I’m not here to point fingers as if I’m exempt.  I wrote this sermon over the weekend while out in the country with my family. I missed out on some things because of it.  And I can tell myself that it’s because this was just a particularly busy week that demanded other priorities during my regular hours (because like all addicts, I am well-practiced in the art of rationalizing my habit), but this happens almost every week.

We may think it’s not really that big of a deal, but our brain, our bodies know different.  Remember, we have Sabbath in our bones from the beginning. Research shows that we neurologically benefit from rest. Actually it shows that our bodies critically REQUIRE down time, idleness, doing nothing, even being “bored.” When we receive actual real rest, we’re more creative. The open space of idleness allows us to see the world in wider ways and make connections across creation we would otherwise miss. THAT’S where I often find God to be most evident and clear - when my brain has space to see and become aware of the great mysteries that surround me.  And while rest does not replace therapy and medication, complete rest does improve our mental health as we find better balance.

We didn’t develop these habits overnight and we won’t be able to reset them that quickly either. But perhaps we can begin to reclaim Sabbath moments, then Sabbath hours, until we can truly embrace a Sabbath day. I wanted to have a list of Sabbath practices to offer you today, but it didn’t get done, and then I had to let it go for the sake of Sabbath. So I encourage you to go google some things- practice deep breathing, visit parks, meditation centers, take a technology Sabbath and activate that “do not disturb button” on your devices. May God give you eyes to see that there IS space, however small, to start.

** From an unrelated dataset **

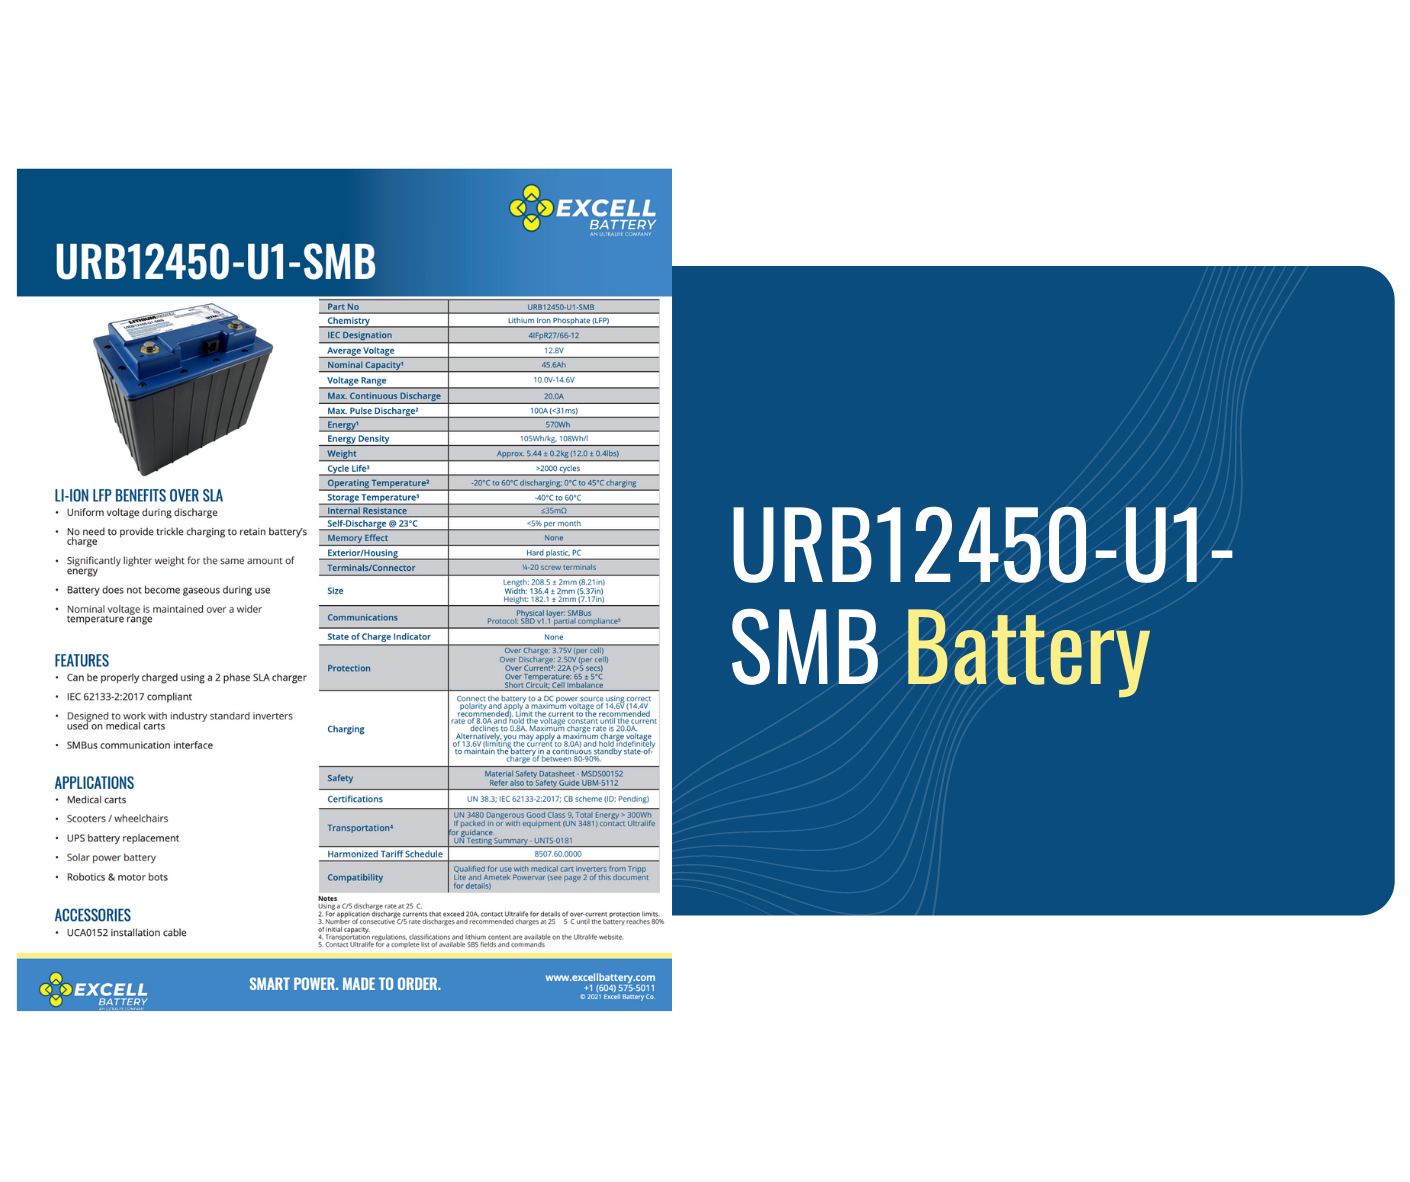 URB12450-U1-SMB Battery

How do we break the habits we know aren’t good for us? While I think it’s good to be honest about what our lack of Sabbath rest costs us – in our relationships with others, in our own health, and in our relationship with the Divine…Jesus shows us that we are not changed by shame through obligation. We are transformed from the compulsion of endless work that leads to death by being reminded of the heart of God for us – for healing, for life, for resurrection.  This is what we come to be reminded of …in this table, in our song and in our silence, in this community. That even when others aim to exploit us, even when we work to destroy ourselves…God promises us life, reminds us that we are already created complete, valuable and beloved for who we are not just what we do. God restores us to wholeness, again and again. God invites us to find our rest in Godself. Our God is a God who rests. Sabbath is for me but not about me. It is about God and what God has declared for us and what God provides for us - the promise that there is enough, that we are enough. Enough now. Let it be. Amen.